- [TASK BRIEF]: Your output must be the lines below from the line containing "my dog died" to the line containing "Must Haves for", both lines included, reproduced exactly and without pictures.

- [DATA SECTION]:

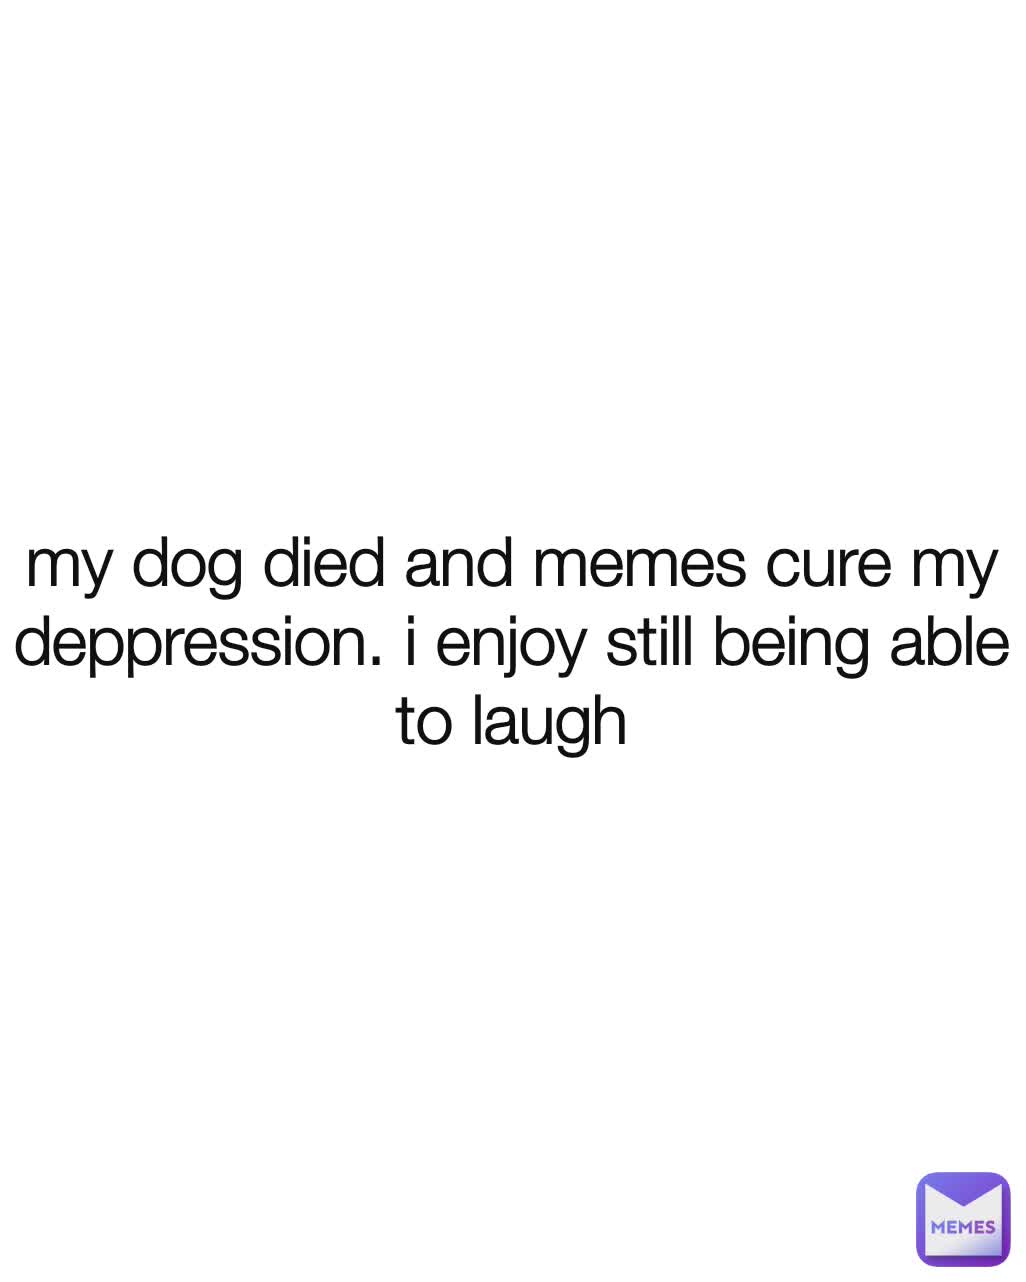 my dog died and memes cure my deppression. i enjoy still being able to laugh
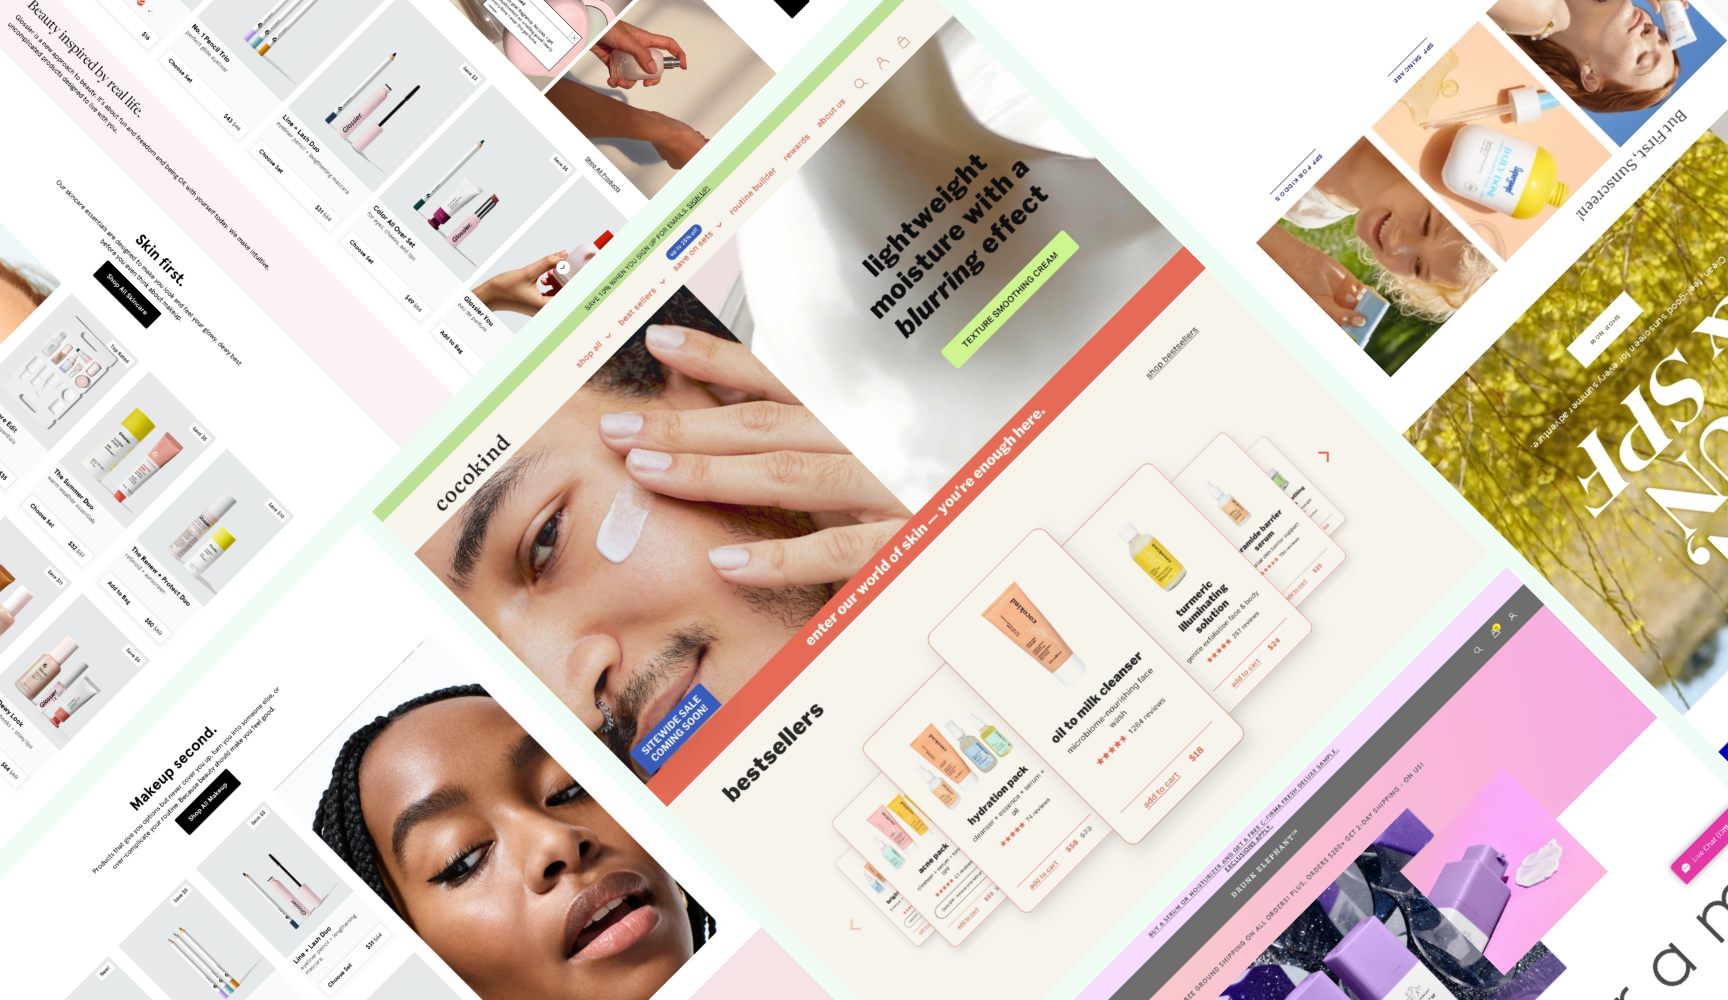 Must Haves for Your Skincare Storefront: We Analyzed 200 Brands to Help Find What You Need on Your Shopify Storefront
==
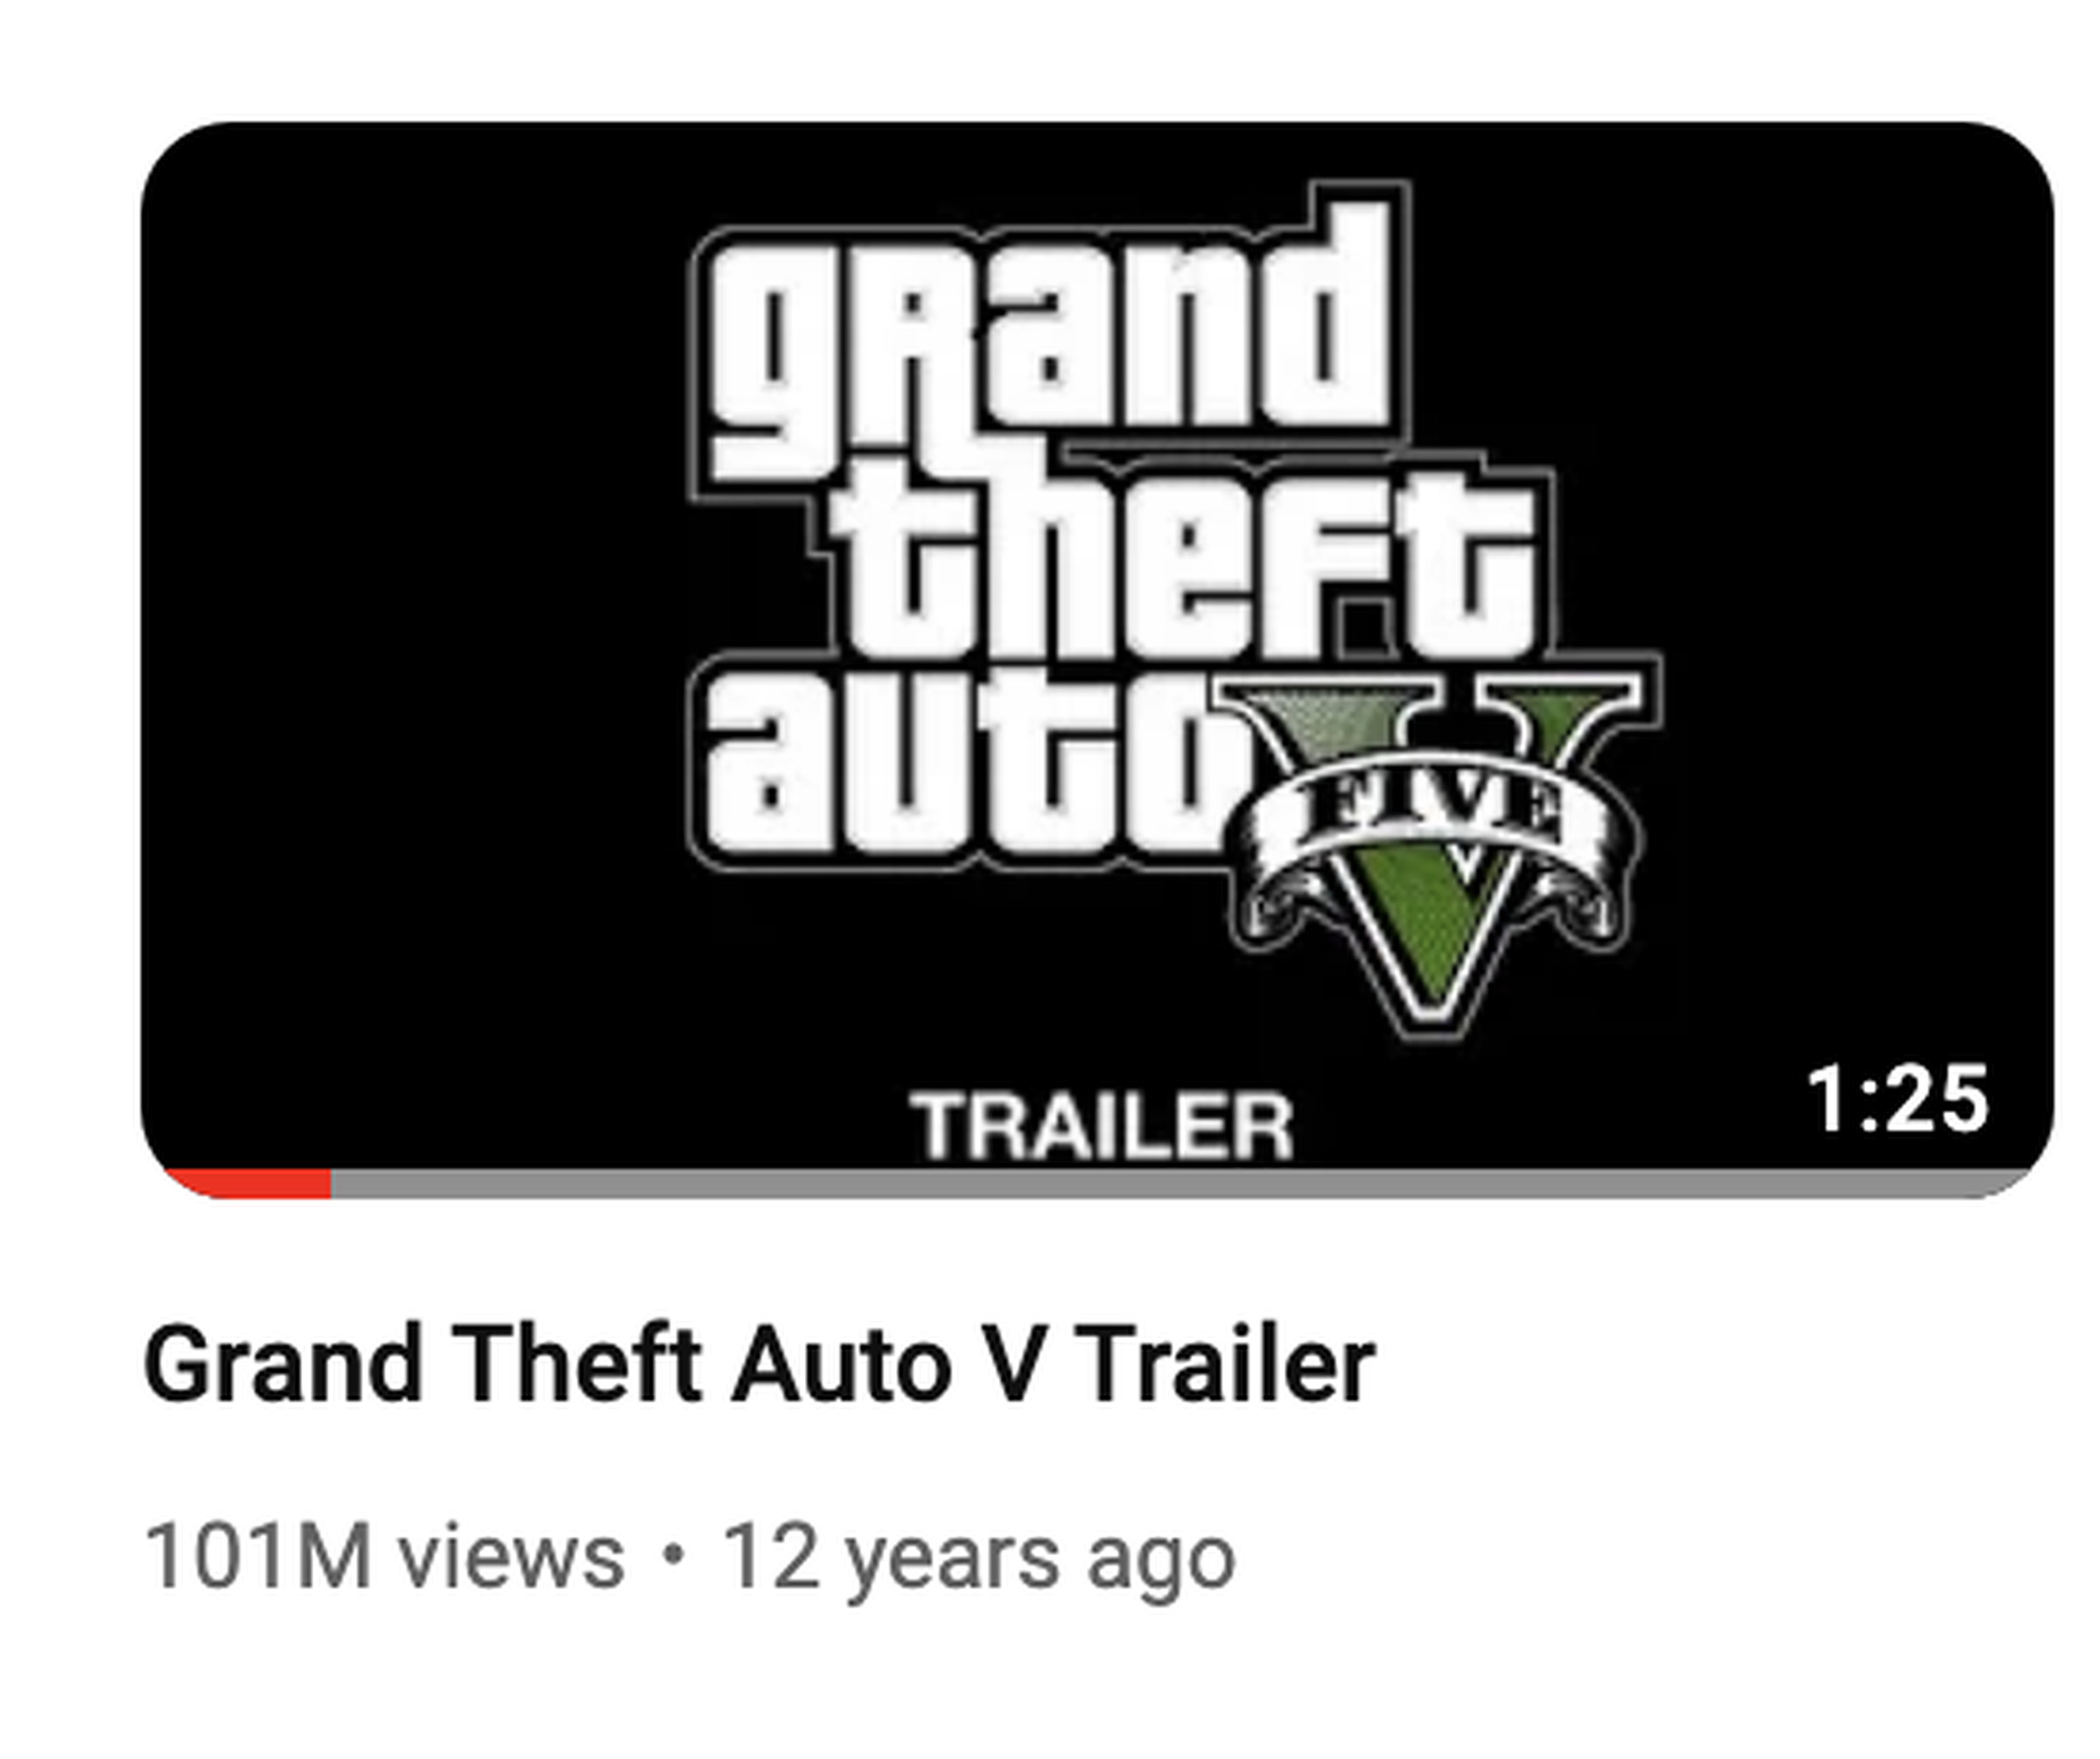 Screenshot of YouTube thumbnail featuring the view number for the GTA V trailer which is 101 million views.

- [ANSWER SPACE]:
 my dog died and memes cure my deppression. i enjoy still being able to laugh
 Must Haves for Your Skincare Storefront: We Analyzed 200 Brands to Help Find What You Need on Your Shopify Storefront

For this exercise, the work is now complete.